Apart from this issue, in your code

ppa = (int *)malloc(20);  

is wrong. What you wanted is actually

ppa = malloc(20 * sizeof (int)); //argument is in bytes, not in `int` or any elements

or, better,

ppa = malloc(20 * sizeof * ppa);  //data type integrity

Also, it's worthy to mention that please do not cast the return value of malloc() and family in C.
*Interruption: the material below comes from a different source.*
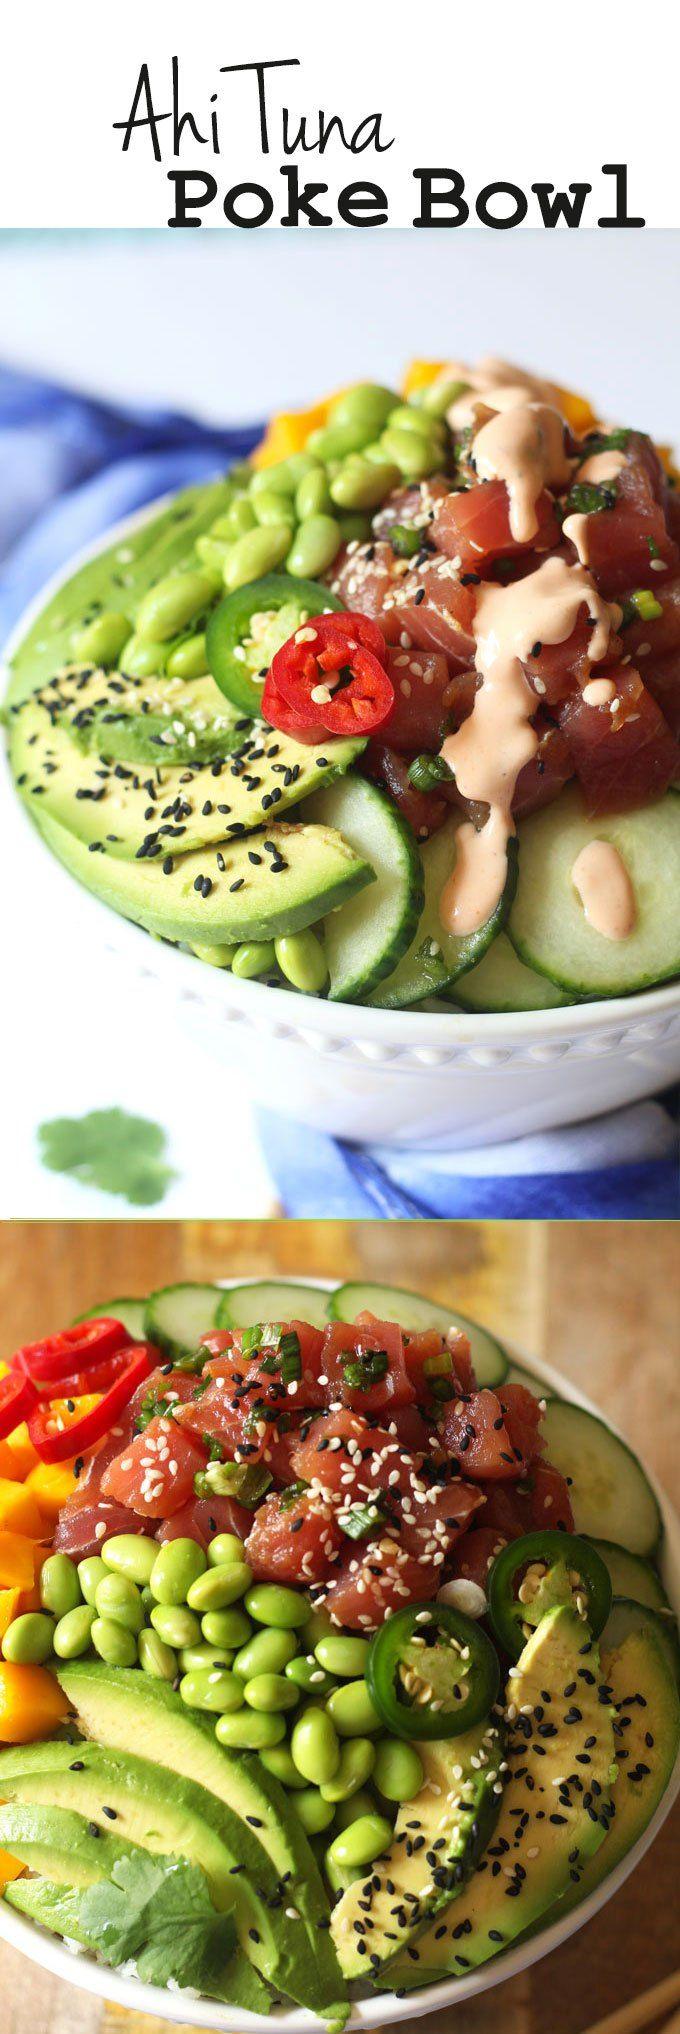 Best 25 tuna poke ideas on pinterest poki bowl near me for Sushi grade fish near me

One more thing, while printing a pointer, use %p format specifier, while printing size_t, use %zu, like

printf("inside alloco %p\n",ppa);

and

printf("size of a %zu\n", sizeof(ppa));  //sizeof returns size_t

Answer 2

You need this:

void alloco(int **ppa)
{
    int i;
    printf("inside alloco %p\n",ppa);
    *ppa = malloc(20 * sizeof(int));
    (*ppa)[15] = 9;     // rather pointless, in the loop below (*ppa)[15] will be
                        // overwritten anyway
    printf("size of a %d \n", sizeof(*ppa));  // rather pointless, not sure
                                              // what you want to print here

    for(i = 0; i < 20; i++)
      printf("a[%d] = %d \n", i, (*ppa)[i]);
}

int main()
{
    int *app = NULL;  // you can drop the '= NULL', it's useless, because
    int i;            // alloco(&app) will change the value of app anyway
    printf("inside main\n");
    alloco(&app);

    for(i = 0; i < 20; i++)
      printf("app[%d] = %d \n", i, app[i]);

    return 0;
}

In your program you pass a pointer to alloco which will be in the ppa parameter. This ppa parameter is just like a local variable inside of alloco and when you modify it, the original value you passed to the function in main(app) won't be modified.

In the corrected version, we pass a pointer to app. In alloco we dereference that pointer and write the malloced value to it.